In other words, over the past ten years, Santa Cruz del Sur has lost nearly one tenth of its population, a “hemorrage” which, at the national level, would have represented a net population drop of more than one million Cubans.

The Dwindling Island

With the exception of some areas in Havana, where migratory regulation and resettlement policies are applied, we are dealing with rural areas that are severely affected by the dismantling of the sugar industry and the generalized crisis that agriculture is facing.

These problems are particularly pressing towards the island’s central region and mountainous areas, such as Manicaragua (Villa Clara). The most worrying aspect of this situation is that no plans beyond the so-called “service plans” for Cuba’s five eastern provinces or the still-theoretical local development policy (far less successful than what the media have been reporting) currently exist.

Time passes and “this is the life we got, so we’ve got to live it,” says Yunier, a street vendor living in La Yaba, in the outskirts of Camaguey.
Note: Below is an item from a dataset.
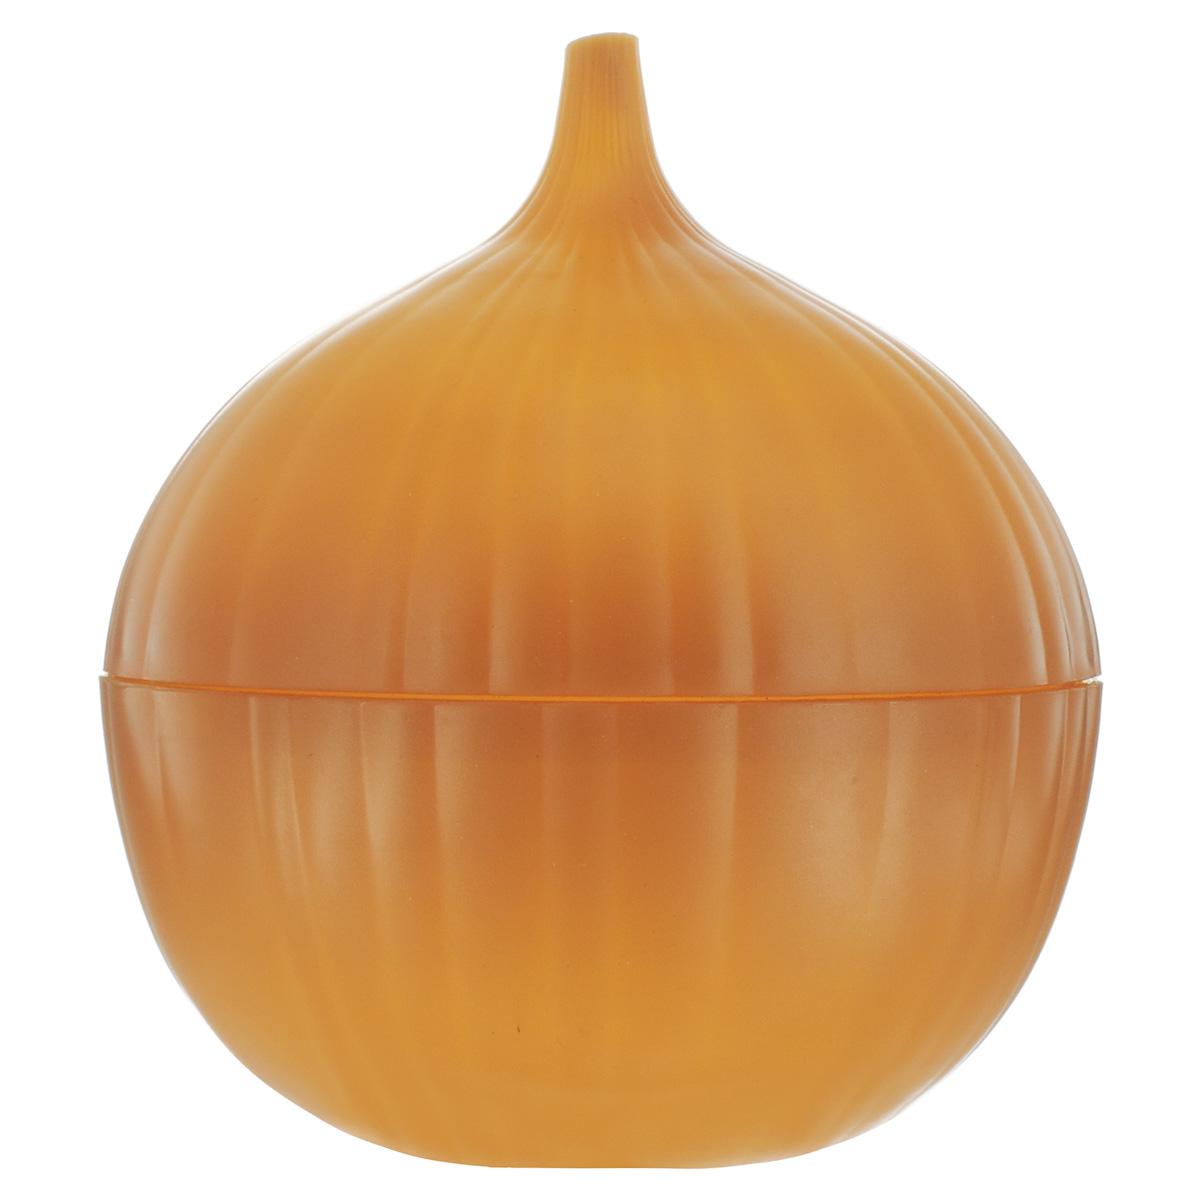 Контейнер для хранения лука FackelmannАксион Т-33Контейнер для хранения репчатого лука Fackelmann изготовлен из пластика. Контейнер дольше сохраняет полезные свойства разрезанного лука, предотвращает распространение запаха и бережет лук от высыхания.Оригинальный дизайн контейнера, выполненного в виде луковицы, украсит ваш кухонный стол. Размер контейнера: 11,5 см х 14 см х 11,5 см.

This neighborhood is the main destination for those leaving Santa Cruz del Sur, Najasa and other localities of this Cuban central province (incidentally the least populated places where the highest depopulation rates are reported).

“I came down here to do military service and never went back. What would I have done back there, work the land for peanuts? I stayed in Camaguey and there isn’t a day I regret it. Santa Cruz hasn’t become a ghost town because people further east are “filling it up”. If it weren’t for that, there wouldn’t be anyone left there,” says Yunir, trying to justify his decision.

He needn’t do so. Like him, hundreds of other people are settling in the outskirts of Camaguey every year, sometimes without the most basic conditions and only the bare minimum to start anew. Even so, they claim, they are better there than the place they came from.

One thought on “Cuba’s Rural Municipalities: The Country’s Unwanted Children?

  • The great part about Havana Times is that it educated me about Cuba and life away from the tourist
    spots. Initially, after reading about the bed and breakfasts, disco’s, etc that gave entrepreneurs a
    chance to make it on their own, I believed Cuba was changing but this website enlightened me.
    A frequent commentator, who will remain anonymous, explained how where he lives, outside of major cities, it is sad, pathetic, poor and no way out of depression and sadness! We went back and forth, privately, and am now livid and disturbed at how Cuba really is. This story, by Daniel Valero, further educates me so thank you Mr. Valero and hopefully there will be a real change that will give the people of Cuba a bright future!